#### [Work task]
Give back every record below, character for character.

Records from a collection
▼▼▼
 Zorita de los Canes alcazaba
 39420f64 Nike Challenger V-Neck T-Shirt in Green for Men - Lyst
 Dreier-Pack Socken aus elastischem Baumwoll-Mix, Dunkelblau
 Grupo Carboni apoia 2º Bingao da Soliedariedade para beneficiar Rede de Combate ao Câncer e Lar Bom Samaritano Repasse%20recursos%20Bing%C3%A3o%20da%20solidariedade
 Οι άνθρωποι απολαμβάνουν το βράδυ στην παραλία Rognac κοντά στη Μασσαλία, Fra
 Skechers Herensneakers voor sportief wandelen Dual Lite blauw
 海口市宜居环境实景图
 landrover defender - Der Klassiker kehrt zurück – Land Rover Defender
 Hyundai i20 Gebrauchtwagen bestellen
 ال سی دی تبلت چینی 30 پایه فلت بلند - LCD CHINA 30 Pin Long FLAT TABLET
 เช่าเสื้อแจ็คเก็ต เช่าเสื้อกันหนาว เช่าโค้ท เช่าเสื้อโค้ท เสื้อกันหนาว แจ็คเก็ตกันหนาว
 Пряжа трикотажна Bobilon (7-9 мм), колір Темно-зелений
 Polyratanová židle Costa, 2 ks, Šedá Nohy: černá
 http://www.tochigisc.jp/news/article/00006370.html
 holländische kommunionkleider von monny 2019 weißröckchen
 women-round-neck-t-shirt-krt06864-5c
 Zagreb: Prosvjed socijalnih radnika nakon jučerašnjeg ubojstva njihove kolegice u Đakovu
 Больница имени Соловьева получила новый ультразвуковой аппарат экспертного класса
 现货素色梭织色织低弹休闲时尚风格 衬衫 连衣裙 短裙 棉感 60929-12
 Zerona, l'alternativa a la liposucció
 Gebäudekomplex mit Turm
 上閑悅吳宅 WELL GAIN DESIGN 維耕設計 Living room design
▲▲▲
#### [Task result]
 Zorita de los Canes alcazaba
 39420f64 Nike Challenger V-Neck T-Shirt in Green for Men - Lyst
 Dreier-Pack Socken aus elastischem Baumwoll-Mix, Dunkelblau
 Grupo Carboni apoia 2º Bingao da Soliedariedade para beneficiar Rede de Combate ao Câncer e Lar Bom Samaritano Repasse%20recursos%20Bing%C3%A3o%20da%20solidariedade
 Οι άνθρωποι απολαμβάνουν το βράδυ στην παραλία Rognac κοντά στη Μασσαλία, Fra
 Skechers Herensneakers voor sportief wandelen Dual Lite blauw
 海口市宜居环境实景图
 landrover defender - Der Klassiker kehrt zurück – Land Rover Defender
 Hyundai i20 Gebrauchtwagen bestellen
 ال سی دی تبلت چینی 30 پایه فلت بلند - LCD CHINA 30 Pin Long FLAT TABLET
 เช่าเสื้อแจ็คเก็ต เช่าเสื้อกันหนาว เช่าโค้ท เช่าเสื้อโค้ท เสื้อกันหนาว แจ็คเก็ตกันหนาว
 Пряжа трикотажна Bobilon (7-9 мм), колір Темно-зелений
 Polyratanová židle Costa, 2 ks, Šedá Nohy: černá
 http://www.tochigisc.jp/news/article/00006370.html
 holländische kommunionkleider von monny 2019 weißröckchen
 women-round-neck-t-shirt-krt06864-5c
 Zagreb: Prosvjed socijalnih radnika nakon jučerašnjeg ubojstva njihove kolegice u Đakovu
 Больница имени Соловьева получила новый ультразвуковой аппарат экспертного класса
 现货素色梭织色织低弹休闲时尚风格 衬衫 连衣裙 短裙 棉感 60929-12
 Zerona, l'alternativa a la liposucció
 Gebäudekomplex mit Turm
 上閑悅吳宅 WELL GAIN DESIGN 維耕設計 Living room design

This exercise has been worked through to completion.